Infosys’ blog on industry solutions, trends, business process transformation and global implementation in Oracle.

« Hyperion Data Integration automation in a hybrid environment | Main | Leveraging Blockchain to Deal with a Pandemic - Point of View »

Oracle Data Lake

Oracle Data Lake

Evolution of data

In today's world, the quantity of data produced in a day is exponentially growing which is about 2.5 quintillion bytes of data being generated. The reason for the epidemic creation of data includes several platforms like Internet (information at our fingertips, web searches), Social media (fuels data creation with Facebook, Instagram, twitter, snapchat), Communication (from sending texts to email, GIFs, emoji's, skype calls), Digital photos (YouTube, voice search), Services like weather channel, Uber rides, transactions. As the data keeps growing, data handling comes to stake for most of the enterprise. The importance of these data rely on how the data is stored and how to extract value out of it effectively. The traditional method of storing data, such as relational database and data warehouses have their own limitations of storage capacity, type of data stored (Unstructured /semi- structured), storage cost, non-scalable.

Why Data Lake?

In order to overcome the limitations of traditional storage methods, Data Lake is provided by many service providers like amazon, snowflake, Microsoft, Oracle etc. for large storage with structured data, semi - structured data, unstructured data and binary data. It is a single root of all enterprise data including raw data from source system and transformed data used for activities such as visualization, reporting, prediction, advanced analytics and machine learning.


Here is how data lake differs from traditional data warehouse.

Data Lake

Data Warehouse

No Structured Data model and Retains all the data irrespective of any models

Highly structured data model which have specific data which answers the necessary questions

Data Lake stores all the data types including web server logs and sensor data

Data warehouse does  not supports datatypes such as web server logs, social network activity, sensor data

Data Lake stores Raw Data and Data is available all time, to go back in time and do an analysis.

Data warehouse stores Processed Data and significant time is spent on analyzing various data sources

Schema is defined after data is stored, efforts at the end of the process

Schema is defined before data is stored, efforts at the start of the process

Can store unlimited data forever

Expensive to store large amount of data

Adaptive, Highly accessible and quick to update

More complicated and costly to make changes

Used by data scientist for predictive analysis and machine learning, in-depth analysis

Used by business professionals for structured view of data and operational view of data

Uses ELT (Extract, Load, Transform) process, it empowers users to access data prior to the process of transformed and structured.

Uses ETL (Extract,Tranform,Load) process, it provide insights into pre-defined questions


Data Lake- Oracle Cloud Architecture:


Data Lake mainly constitutes of:

  • Sources
  • Landing zone
  • Standardization zone and
  • Analytics Sandbox


Key Components:

Oracle Data Integration Platform Cloud(ODI)

Oracle Data Integration Platform Cloud is affiliated platform for real-time data replication, data quality, data transformation, data governance, cleanse, integrate and analyze data.
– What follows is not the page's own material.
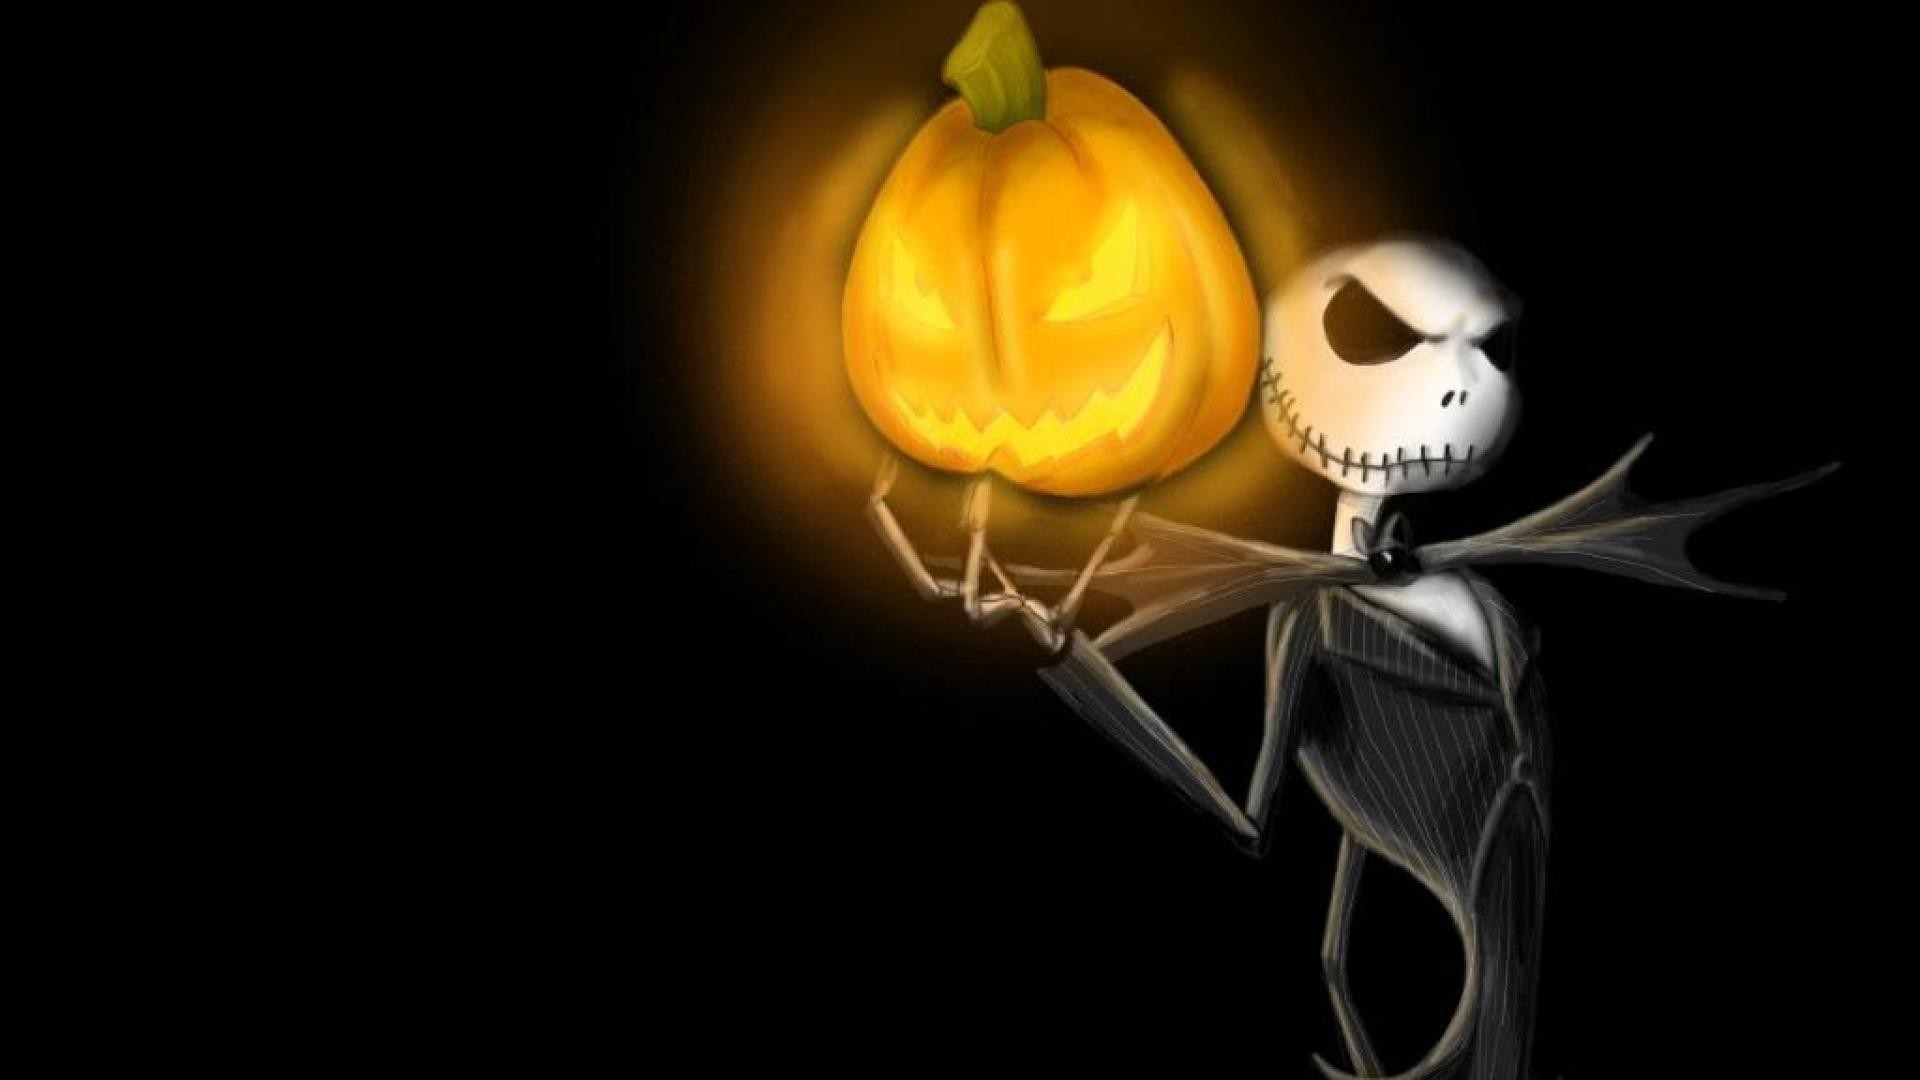 1920x1080 2000x2818 HQ The Nightmare Before Christmas Wallpapers | File 860.22Kb
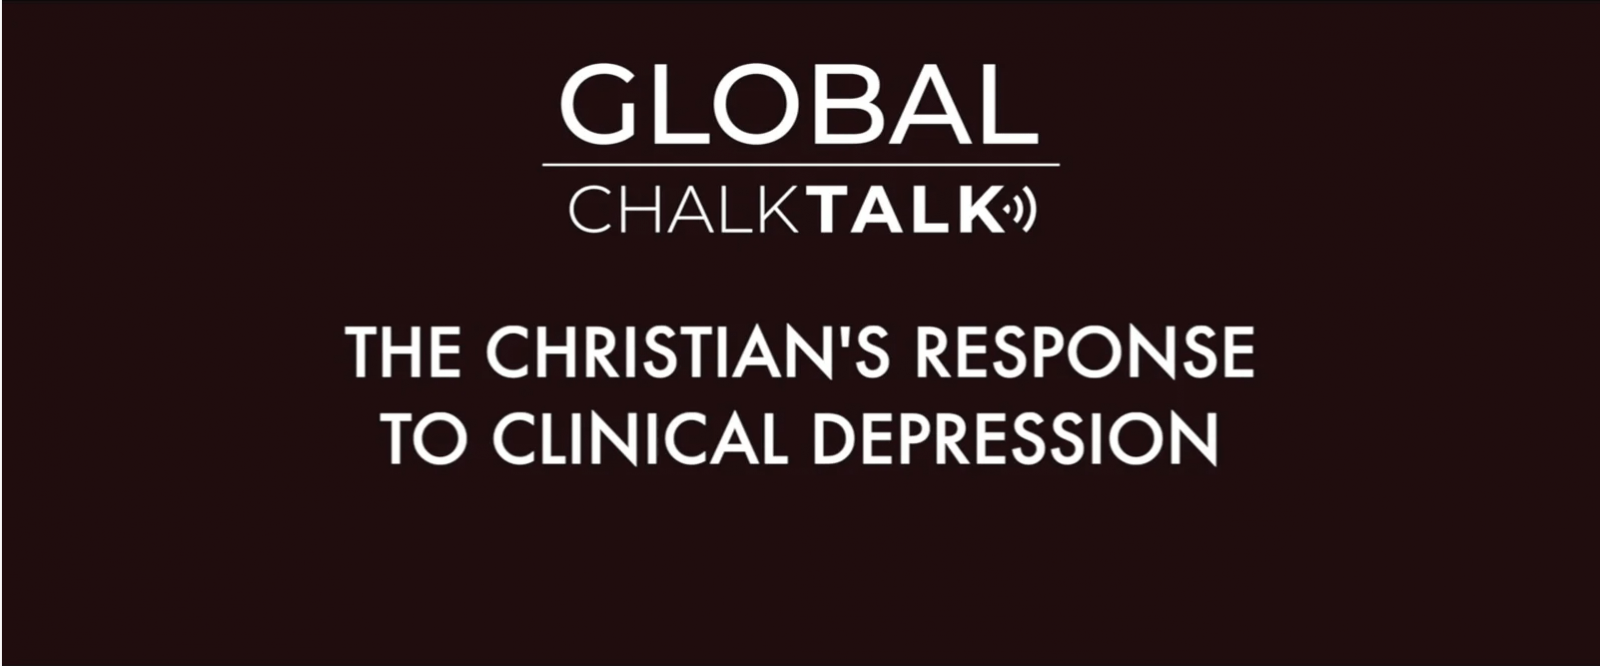 Global Chalk Talk, The Christian's Response to Clinical Depression

ODI encompass:

  • Migrate data without any down time
  • Integrate Big Data
  • Data health monitoring
  • Automate Data Mart generation
  • Profile and validate data
  • Synchronizing data
  • Support redundancy

Oracle Autonomous Data warehouse:

Oracle Autonomous Data Warehouse provides a fully autonomous database that does not require data administration for scalability and provides fast query performance. Deployment features includes either dedicated private cloud in public cloud service or a shared simple elastic choice. Database is capable of self-patching, self-tuning and upgrading by itself. The key features are:

  • Elasticity
  • Autonomous
  • Database migration utility
  • Cloud-based data loading
  • Enterprise grade security
  • Concurrent workloads
  • High performance

·        Oracle Stream Analytics

Oracle Stream Analytics is a tool for real-time analytic computing on streaming big data. OSA executes in a scalable and highly available clustered Big Data environment. It significantly enables users to explore real-time data like sensor data, social media, Banking etc. through live charts, maps, visualizations. Oracle Stream Analytics includes 30+ visualization charts, which are user friendly with respect to interface, based on Apache Superset. It is developed and made available to all the users without the need of any technical background.

Key features:

  • Location-based analytics using built-in spatial patterns
  • Machine learning to predict upcoming events
  • Ad hoc queries on processed data
  • Detecting real time fraud

·        Oracle Cloud Infrastructure

Oracle Cloud Infrastructure is a cloud service, which enables you to build and run a broad space of applications in a highly available environment with control improvements related to on premise data centers, subject to cost savings and the elasticity of the public cloud. Oracle provides technologies that entrust enterprises to solve critical business problems. Oracle Cloud Infrastructure is cloud purpose-built to allow enterprises to run business-critical production workloads. Key Features includes:

  • High availability - deployment against multiple regions, availability domains (AD) and faulty domain configuration
  • Scalability - ability to scale resources automatically up and down w.r.t changing business needs so you pay for only what you use
  • Performance - High performance computing instances (HPC)
  • Price - low and enhanced price performance compared to other cloud services

·        Oracle Identity Cloud Service OICS

Oracle Identity Cloud Service provides single-sign-on SSO, identity management and identity governance for the applications, which is in the mobile, cloud and on premise application. It is fully integrated service delivering the core identity and access management activity with a multi-tenant cloud platform. Anyone can use the application any time anywhere on a device in secure manner. Oracle Identity Cloud Service will directly integrate with the existing directories and identity management which in turn easier for the users to access the applications. The benefits includes

  • Better user productivity and experience
  • Reduced cost
  • Improved business responsiveness
  • Hybrid identity

OAC - BI Reporting & Visualization:

BI helps in decision-making driven by data. BI encompasses the generation of data and analysis, eventually visualization of data so that business analysts and business leaders make the most needed decisions about products, strategies, market timing, and other mission-critical factors.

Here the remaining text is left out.